Approximately 8 × 105 CFSE-labelled CD45.1 OTII transgenic T cells were intravenously injected to two C57/BL6 recipient mice in a total volume of 100 µL (in PBS-). Twenty-four hours later, these mice received 15 µL of OVA-NP (20 µg of OVA) or alum-adsorbed OVA (10 µg of OVA) subcutaneously in each footpad. For alum-adsorbed OVA, 10 µL endotoxin-free OVA (Endograde™ OVA 1 mg/mL; Profos AG; Regensburg, Germany) were mixed with 5 µL of alum (10 µg/mL; Thermo Fisher Scientific; Waltham (MA), USA). After three days, popliteal lymph nodes were harvested, and single cell suspensions were obtained. Finally, cells were stained with the priming panel (0.1 µg CD45.1 PerCP Cy5.5 and 0.2 µg CD4 APC/Cy7) (BioLegend; San Diego (CA), USA) for 30 min on ice, for further cytometry analysis.
Antibody and antibody-secreting cell quantification
C57/BL6 mice were divided into three treatment groups (n = 3 each), receiving either 20 µg of OVA loaded in OVA-NP or the appropriate controls (OVA in solution and alum-adsorbed OVA) by subcutaneous injection. Serum levels of IgG antibodies generated following immunization of these mice were determined using an ELISA method. For this purpose, blood from immunized mice was collected at day 10 post-immunization, allowed to clot at 4 °C for 30 min and centrifuged at 2000×g for 10 min at 4 °C to obtain serum. These samples were stored at 4 °C until assayed. According to the technique, 96-well flat-bottom Nunc™ microplates (Thermo Fisher Scientific; Waltham (MA), USA) were coated overnight with ovalbumin (1 mg/mL) at 4 °C and the wells were subsequently blocked with 1% bovine serum albumin (BSA) in PBS for 1 h at RT. Then, serial dilutions of the sera samples in 1% BSA were added to each well and incubated for 1 h at RT. After washing, the plates were incubated with a biotin-conjugated α-IgG antibody (SouthernBiotech; Birmingham (AL), USA) for 1 h at RT. After washing the primary antibody, the plate was incubated with streptavidin-conjugated horseradish peroxidase (HRP) (Sigma-Aldrich; Saint Louis, USA) for 30 min at RT. The assay was developed using 3,3′,5,5′-tetramethylbenzidine (TMB) substrate (Merck Millipore, Burlington (MA), USA). Antibody titers were calculated from the absorbance measured at 450 nm for the chromogen produced in this reaction, using a microplate reader (BioTek PowerWave HT 340; BioTek, Winooski (VT), USA).

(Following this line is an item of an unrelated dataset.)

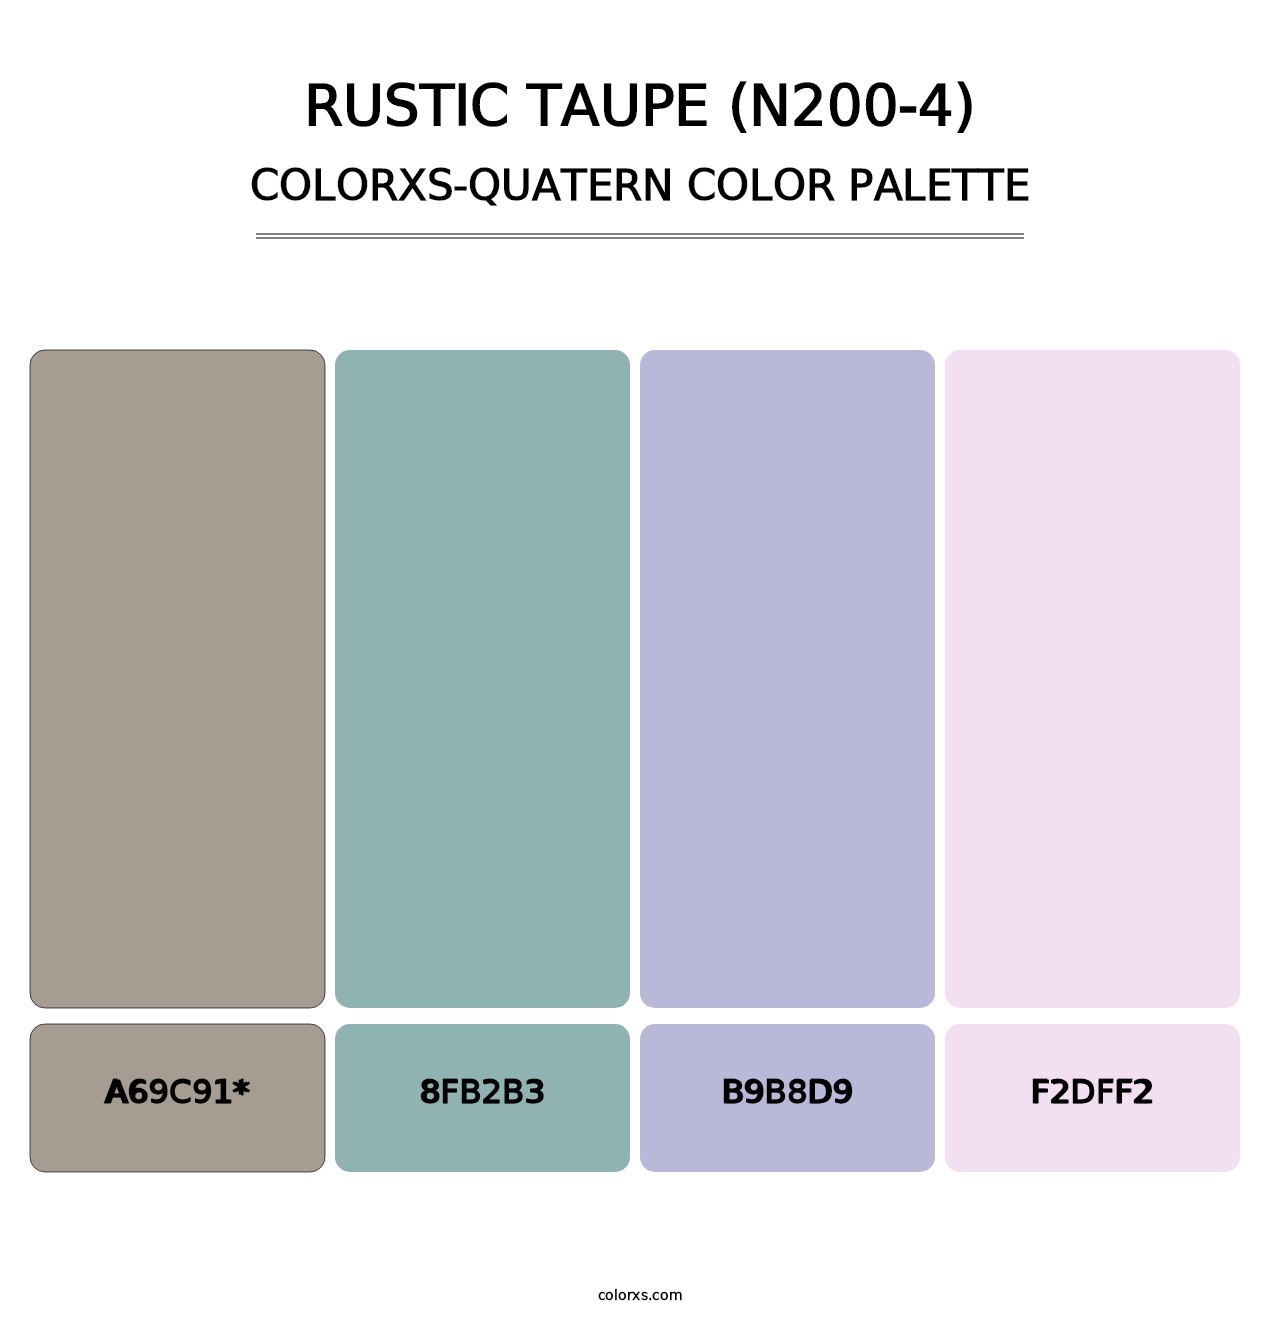 Rustic Taupe (N200-4) - Colorxs Quatern Palette

For the quantification of antibody-secreting cells (ASC) levels elicited by these immunization approaches, we used an enzyme-linked immunospot assay (ELISPOT). On day 10 post-immunization, popliteal LN were aseptically removed from the mice, disrupted, and passed through a 40-mm cell strainer. Cells (4 × 105) were plated on OVA-coated (1 mg/mL) filter plates (MultiScreen® HTS) (Merck Millipore; Burlington (MA), USA) and incubated for 16 h at 37 °C. For detection, a biotin-conjugated α-IgG or α-IgM antibody (SouthernBiotech; Birmingham (AL), USA) was used, followed by streptavidin-conjugated HRP (Sigma-Aldrich; Saint Louis, USA). A developing solution consisting of 200 mL 3-amino-9-ethylcarbazole (AEC) solution (Sigma-Aldrich; Saint Louis, USA) in 9 mL sodium acetate buffer containing 4 mL 30% H2O2 was subsequently added. Spots were visualized on a CTL ELISPOT reader using ImmunoSpot 5.1 software (Cellular Technology Limited; Cleveland (OH), USA).

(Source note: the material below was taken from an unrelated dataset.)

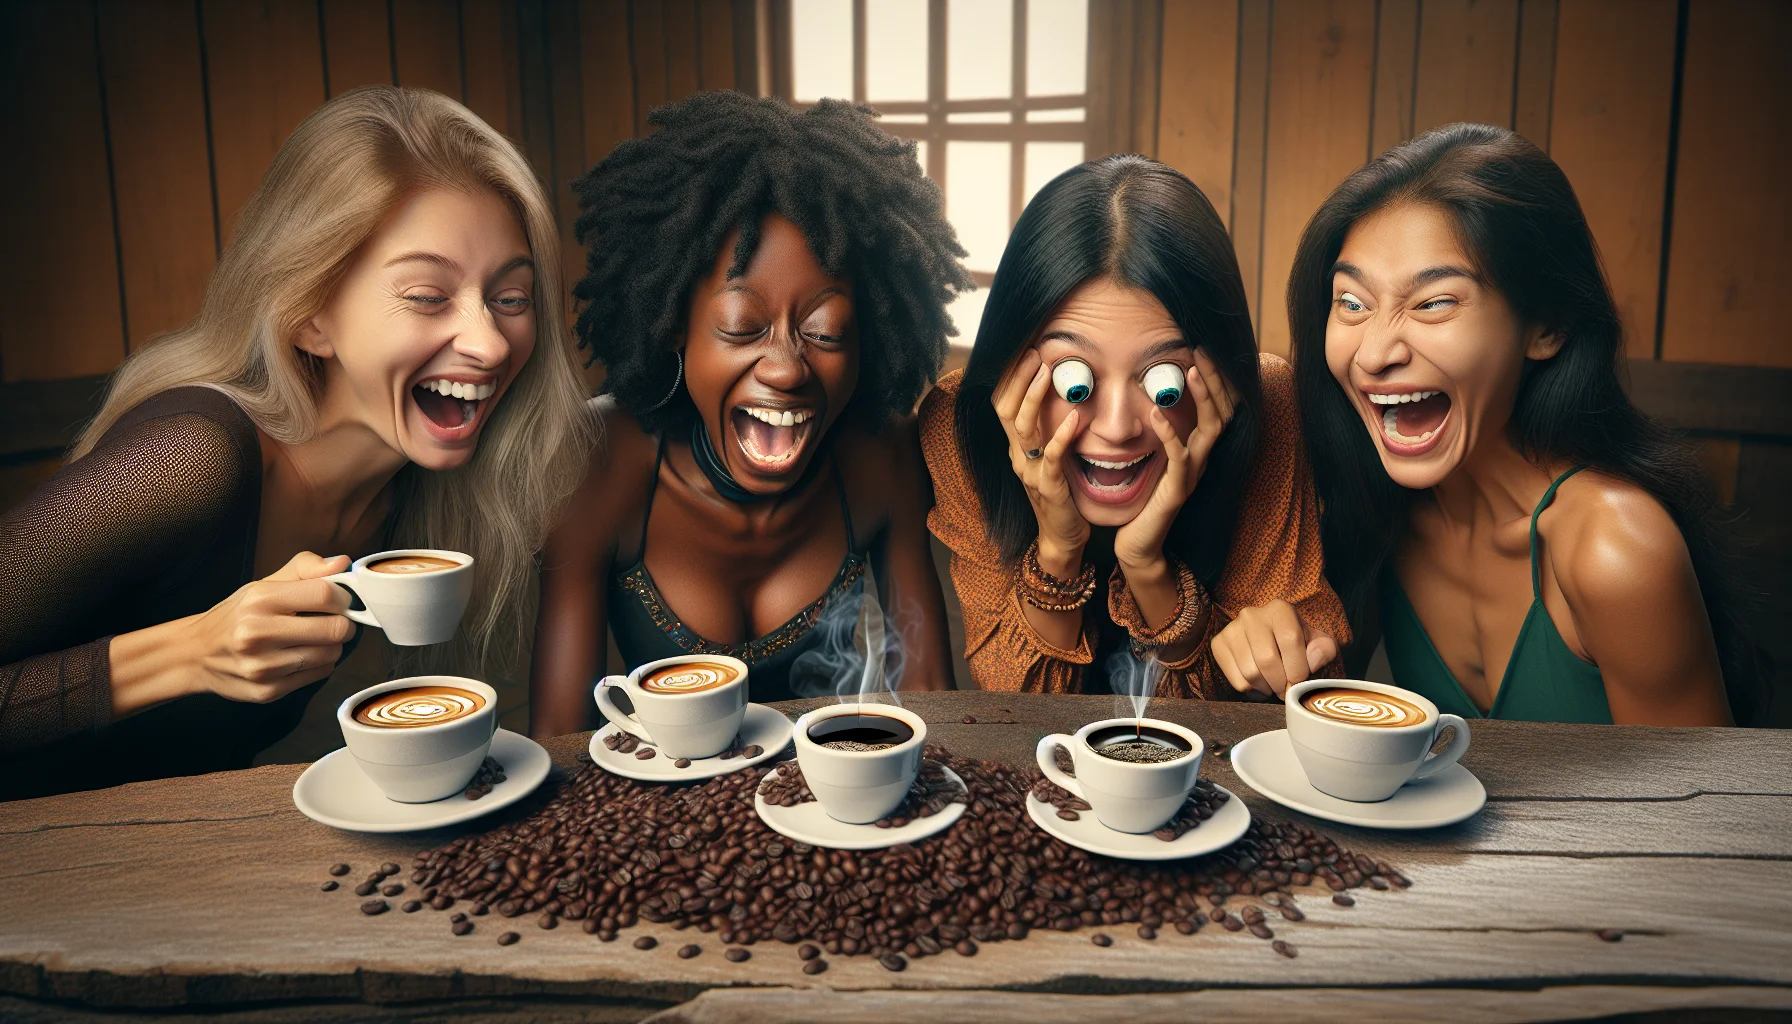 Create a humorous and realistic scene featuring four women of different descents: Caucasian, Black, Hispanic, and South Asian. Each of these women is a sister, joyfully participating in a novel coffee tasting ritual. They would be gathered around a rustic wooden table in a brightly lit room. On the table, they have four steaming cups of espresso made from dark roasted beans. One of the women, desperately in need of caffeine, oversizes her eyes comically at the sight of coffee. This image should emanate warmth and camaraderie, encouraging viewers to embark on their own coffee adventures.

Statistical analysis, as well as data graphs, were obtained using Prism 7 (GraphPad Software; La Jolla (CA), USA). Unpaired t test with Welch’s correction was used to analyze the biodistribution results, while Kruskal–Wallis test with Dunn’s multiple comparisons test was applied in the immune response data. In both cases, statistical significance was defined as * (p < 0.05), ** (p < 0.01), *** (p < 0.001), and **** (p < 0.0001).
Results and discussion
In this work, we selected beta glucans as biomaterials for the design of new antigen carriers based on their reported immunomodulatory properties [10, 11, 21, 22]. Some groups focused on the use of hollow glucan particles, obtained from chemical treatment of the yeast particles and loaded with different antigens [23,24,25,26,27]. However, these particles, being directly derived from nature, are intrinsically variable and this variability may be translated into their interaction with the immune system. Other authors have chosen a synthetic approach to prepare glucan micro and nanoparticles containing antigens in addition to CpG oligonucleotides (adjuvant) [30, 31, 34,35,36]. The results obtained in vivo have shown their capacity to stimulate an immune response against several antigens.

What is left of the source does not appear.